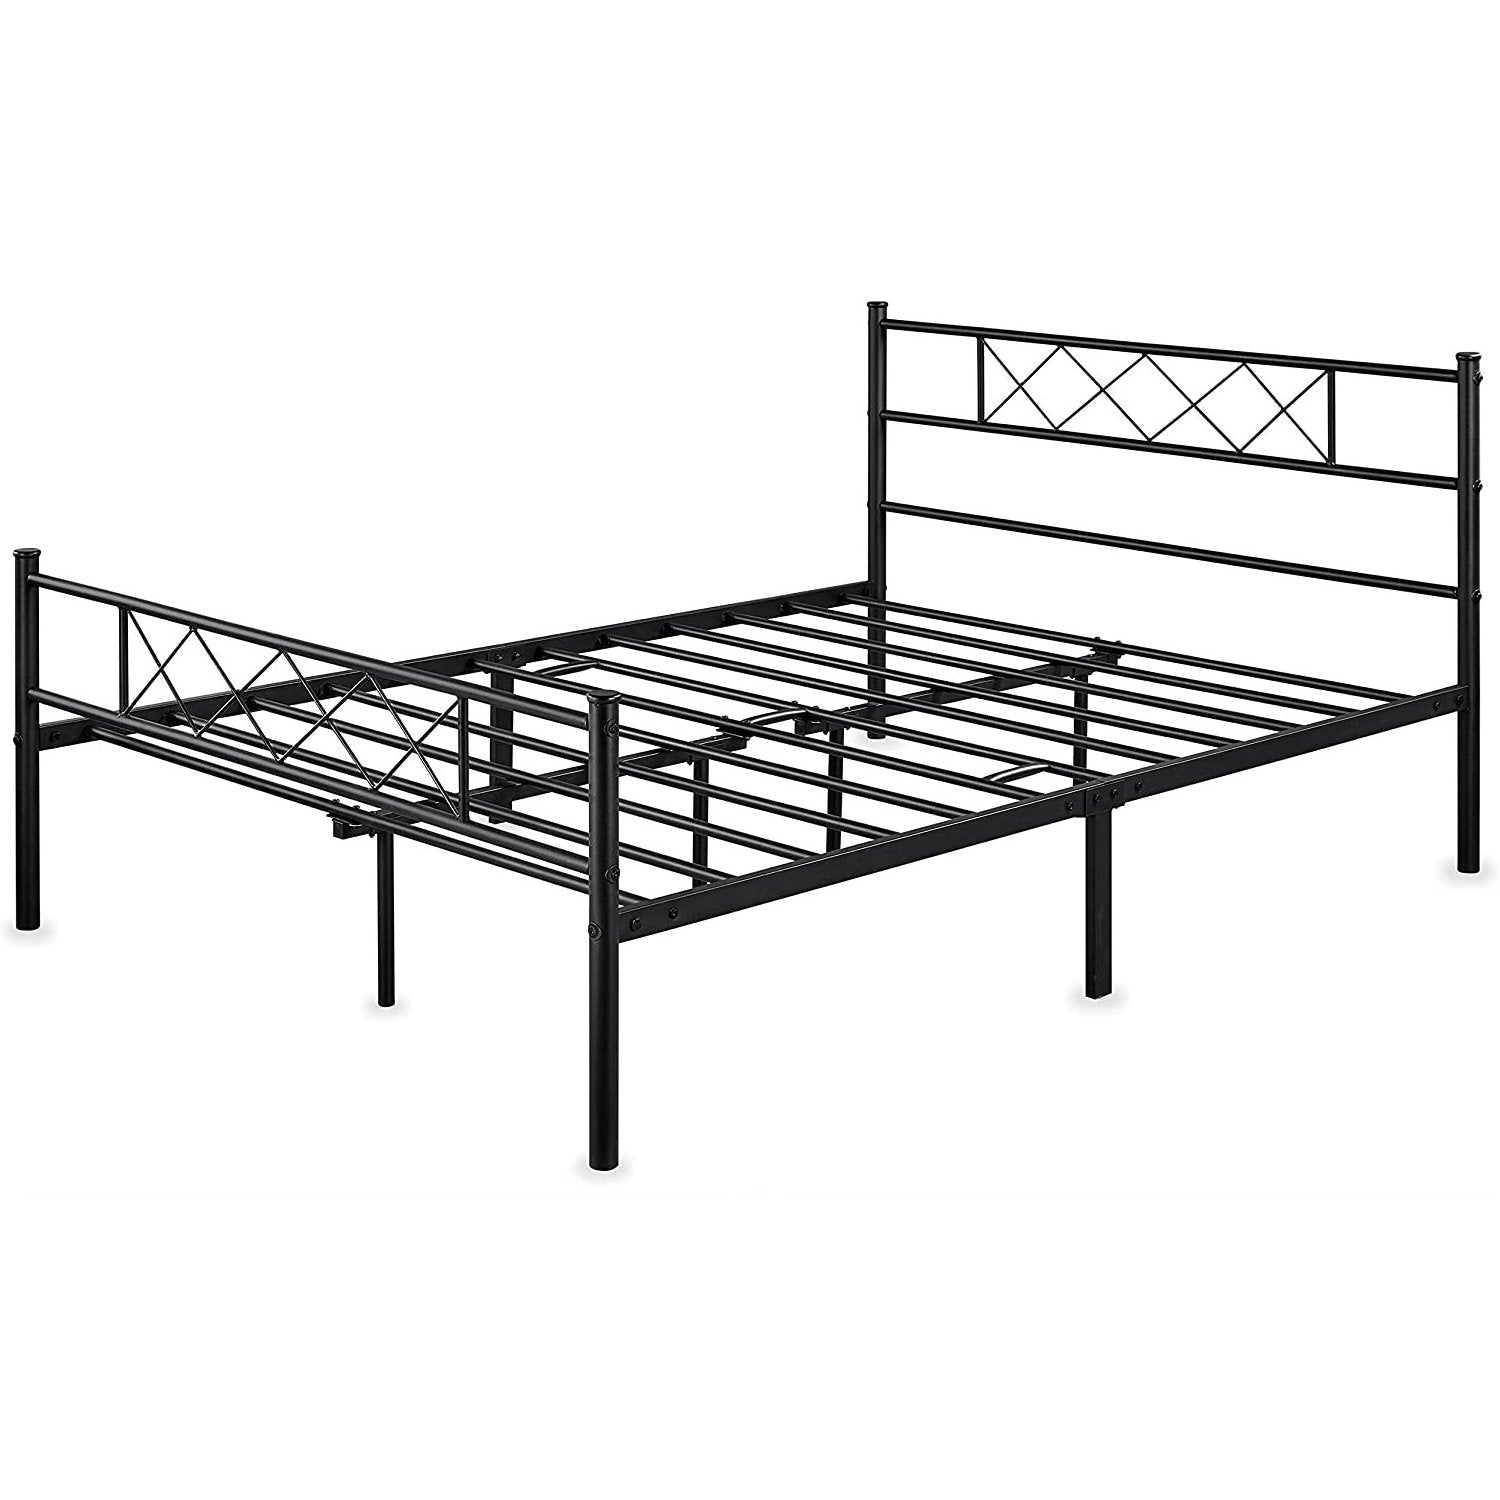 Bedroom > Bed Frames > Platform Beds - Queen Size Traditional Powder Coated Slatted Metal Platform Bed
* * *
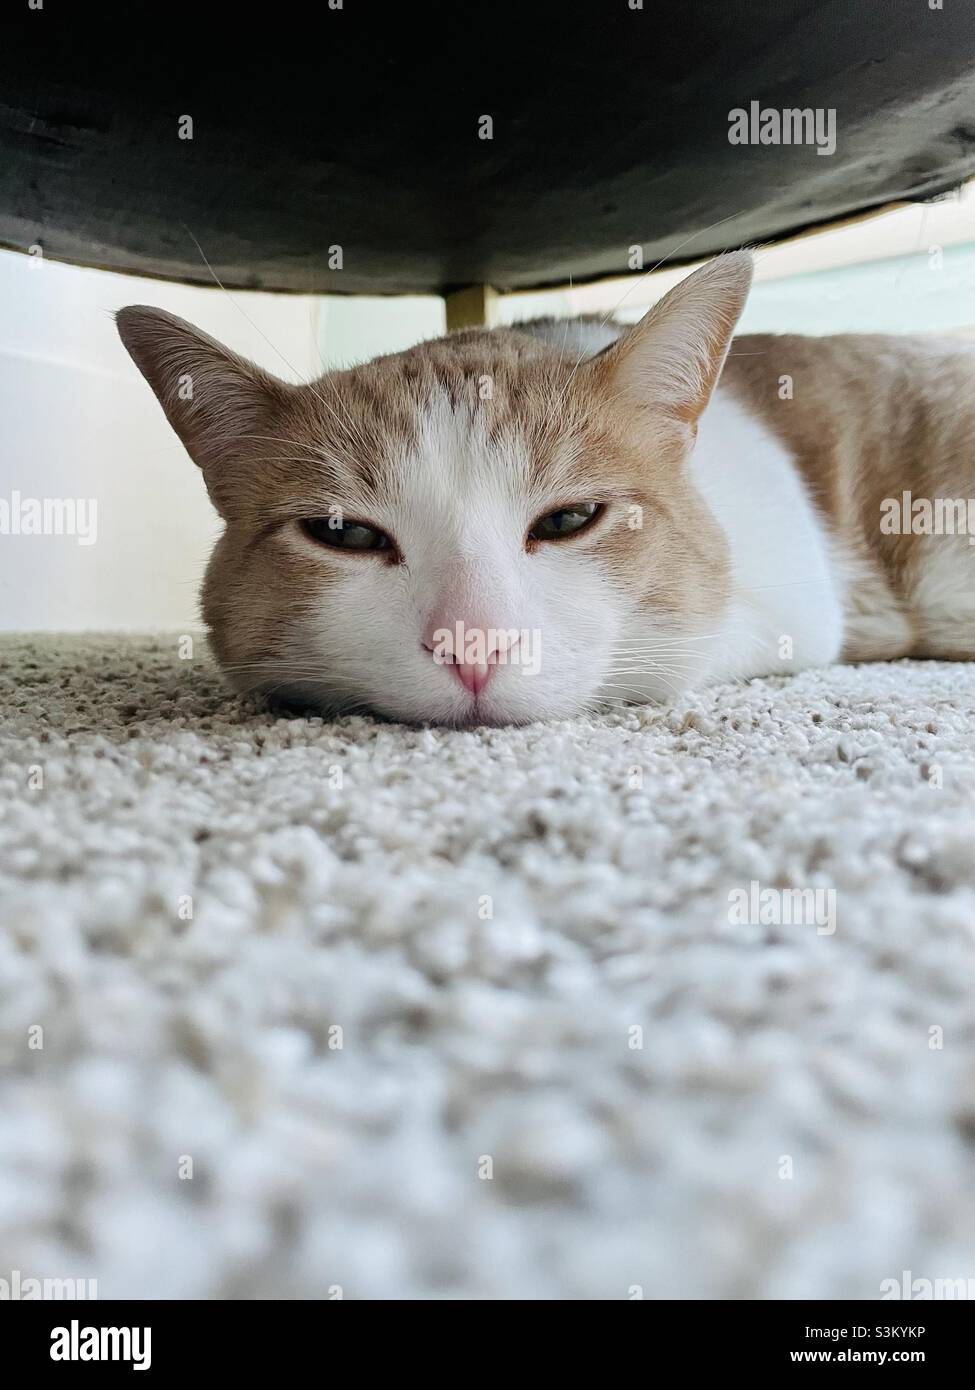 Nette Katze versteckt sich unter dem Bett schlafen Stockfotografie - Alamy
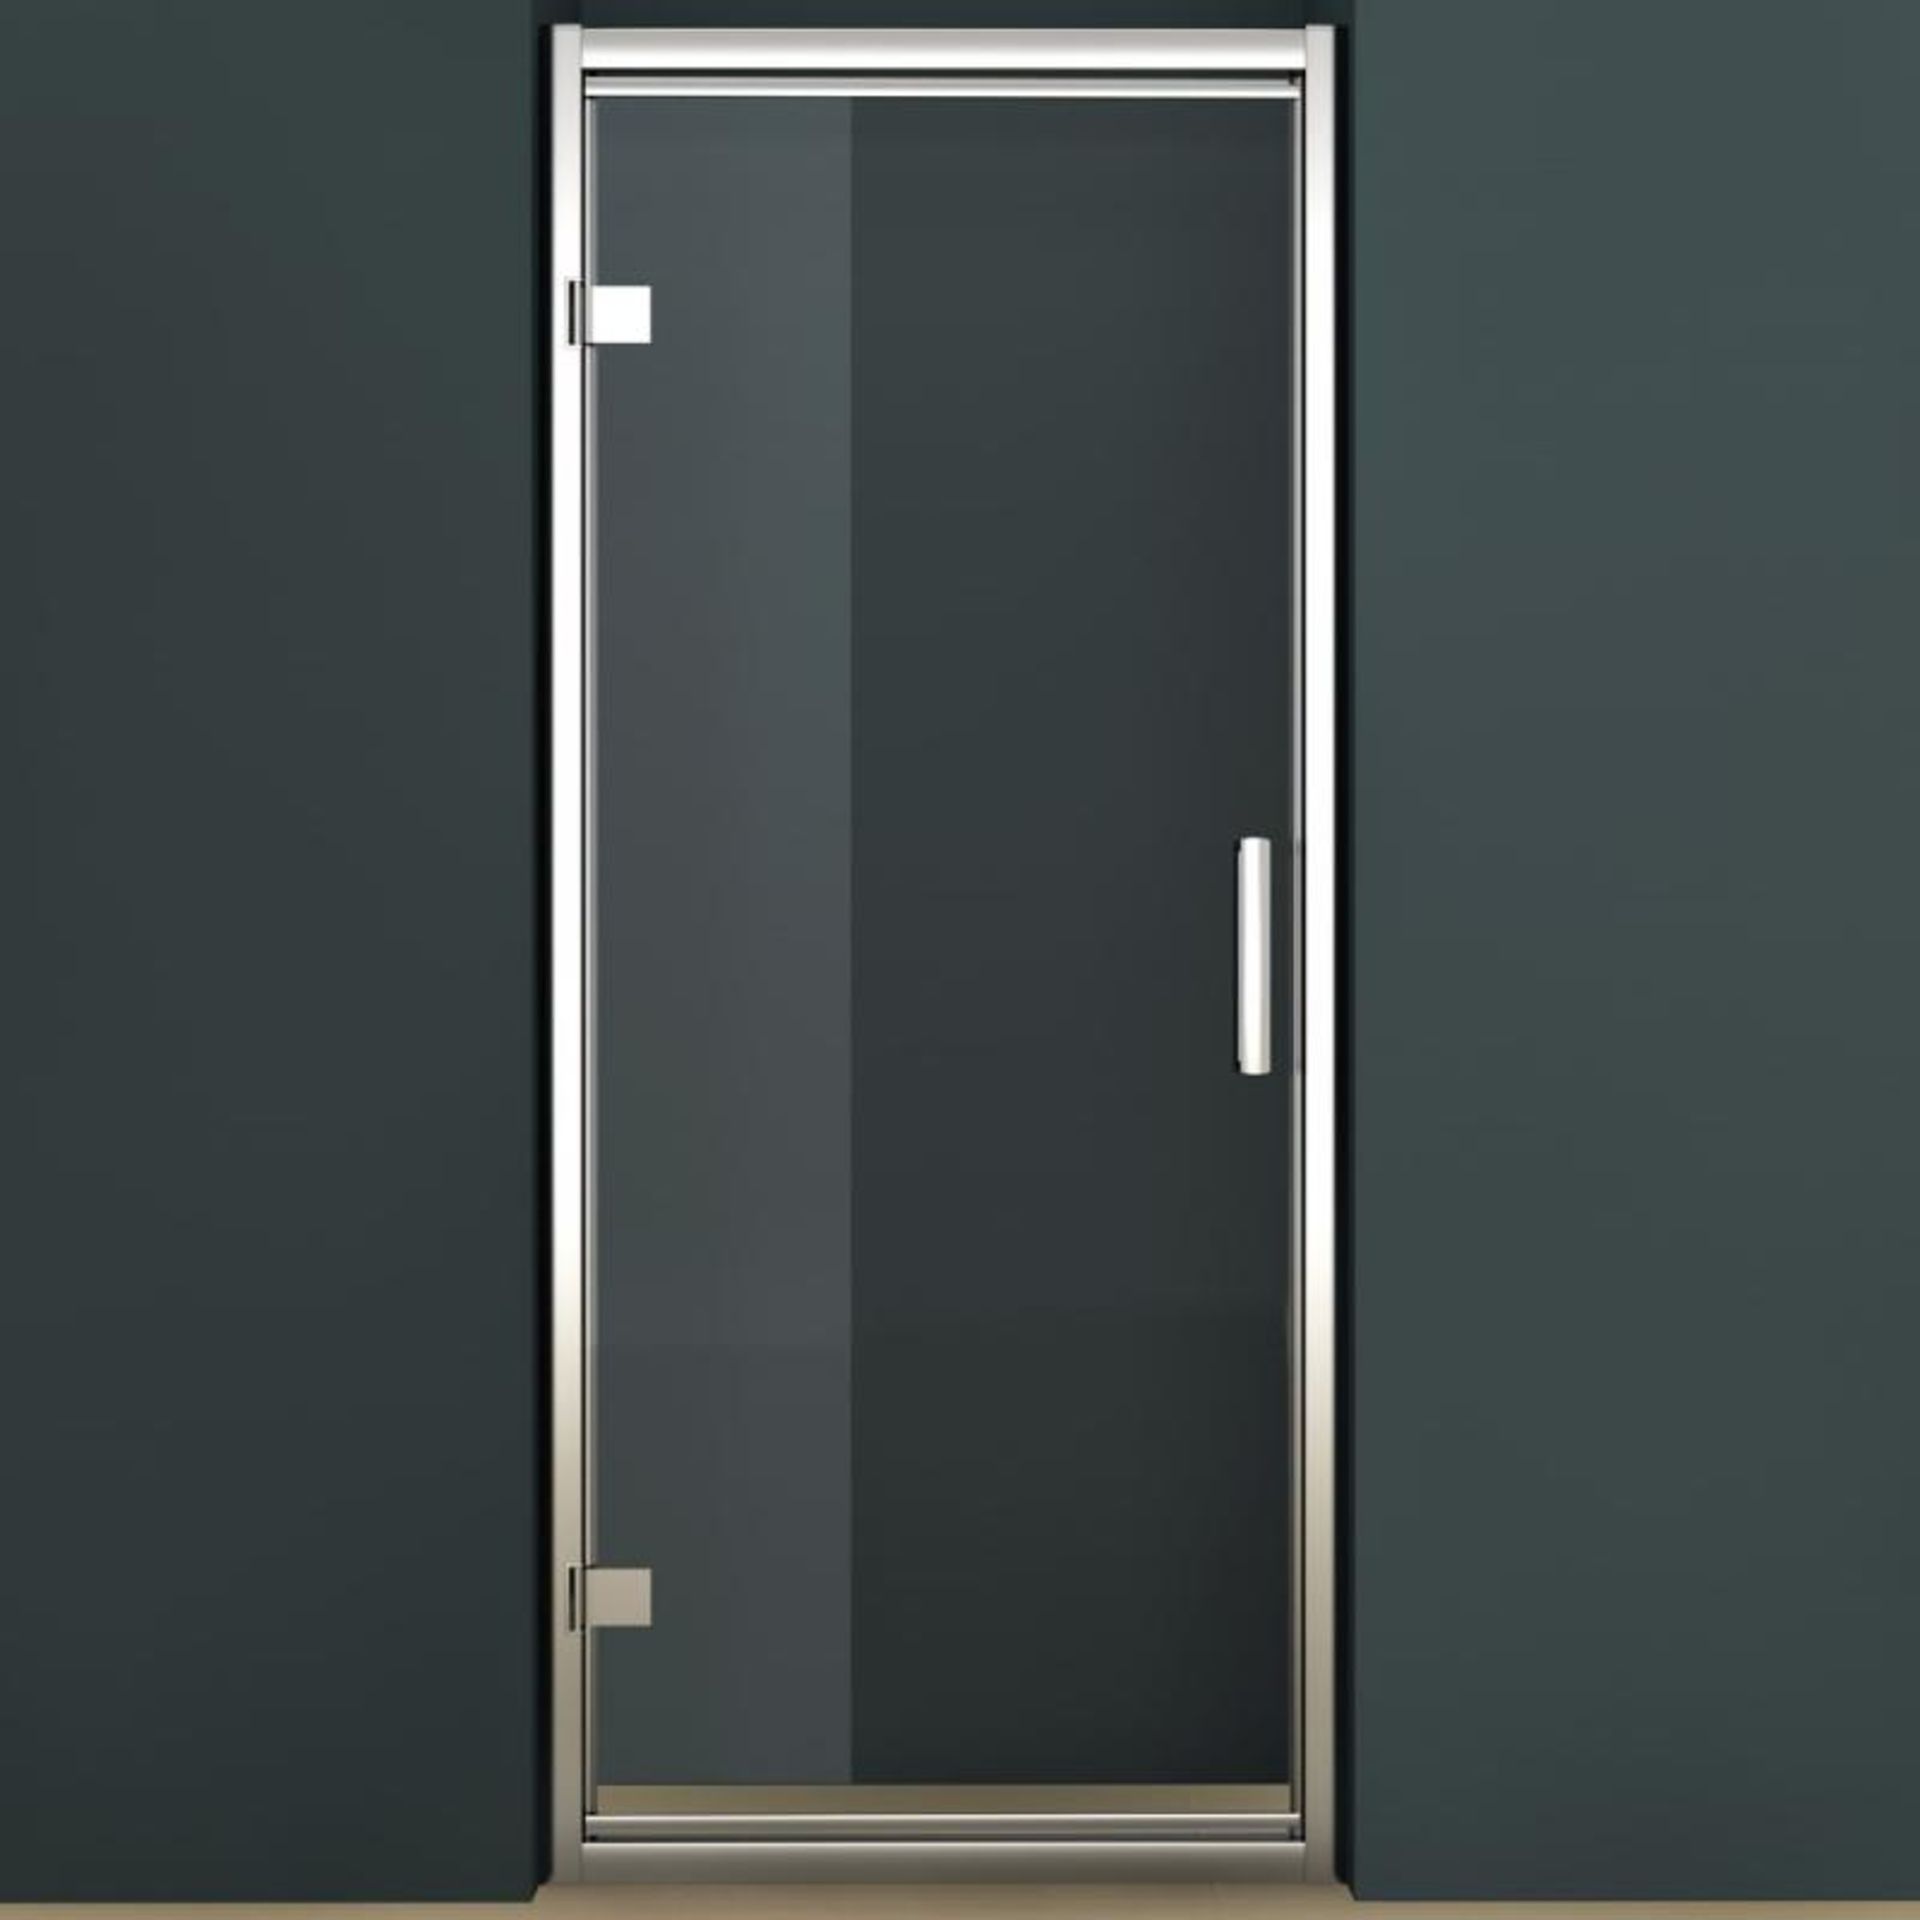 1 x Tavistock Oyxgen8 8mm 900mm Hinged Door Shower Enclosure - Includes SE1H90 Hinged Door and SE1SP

- [Exercise prompt]:
In the data above, take the line with "Nette Katze versteckt", the line with "1 x Tavistock", and every line between, and set them down exactly without pictures.

- [Response below]:
 Nette Katze versteckt sich unter dem Bett schlafen Stockfotografie - Alamy
 1 x Tavistock Oyxgen8 8mm 900mm Hinged Door Shower Enclosure - Includes SE1H90 Hinged Door and SE1SP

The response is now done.